– Не поспит, – мстительно пророкотал Сосновский, – я вот его завтра на рыбалку до света подниму.
– Тоже дело, – согласилась Наталья, – поклюёт носом на утренней зорьке – в следующий раз меньше будет в гостях засиживаться. А ты, раз на рыбалку собрался, ложись и спи, а то и сам вовремя не проснёшься.
Полковник дисциплинированно лёг в постель, и через несколько минут начал тихо похрапывать.

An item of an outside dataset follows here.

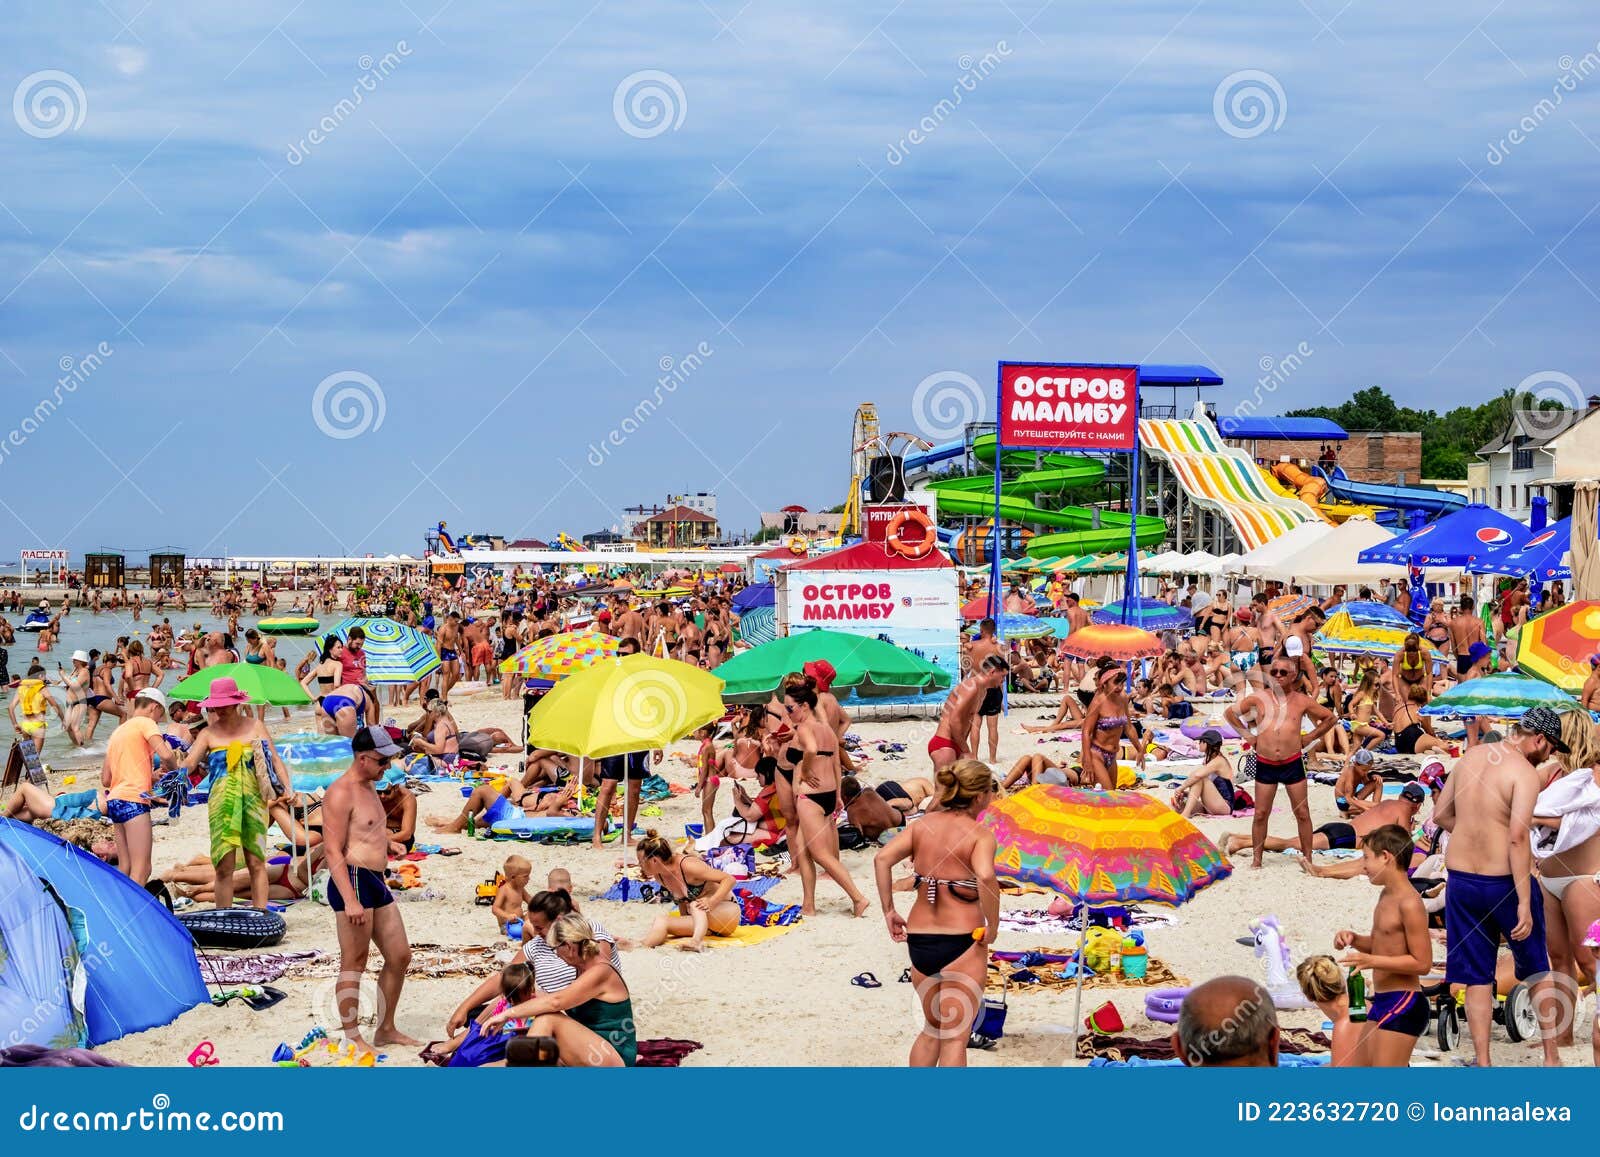 Many People on the Beach at Zaliznyi Port. a Crowd of Naked People in  Swimsuits Sunbathes Editorial Image - Image of holiday, relax: 223632720

Сосновская выждала ещё несколько минут, чтобы муж заснул покрепче, потом осторожно встала с постели и стала бесшумно одеваться, поглядывая в окно. На душе у неё было неспокойно. Всё пугало её: и внезапная темнота в посёлке, и отсутствие Валерки, но страшнее всего было тусклое красноватое свечение, пробивающееся сквозь деревья. Уж не пожар ли это, упаси, Господи. Валерка, ведь он такой! В стороне не останется. В самое пекло полезет. Он в свои тринадцать считает себя мужчиной. Куда там! Конечно, у него перед глазами пример отца. Да только старшему Сосновскому сорок шесть, а не тринадцать. Хотя и за него тоже частенько волноваться приходится. Как же с мужиками тяжело! Причём, независимо от возраста.
* * *
Кроме Барминцевых, Раскольниковых и Сосновских произошедшее заметил и ещё один человек – старейший житель посёлка Александр Петрович Панин.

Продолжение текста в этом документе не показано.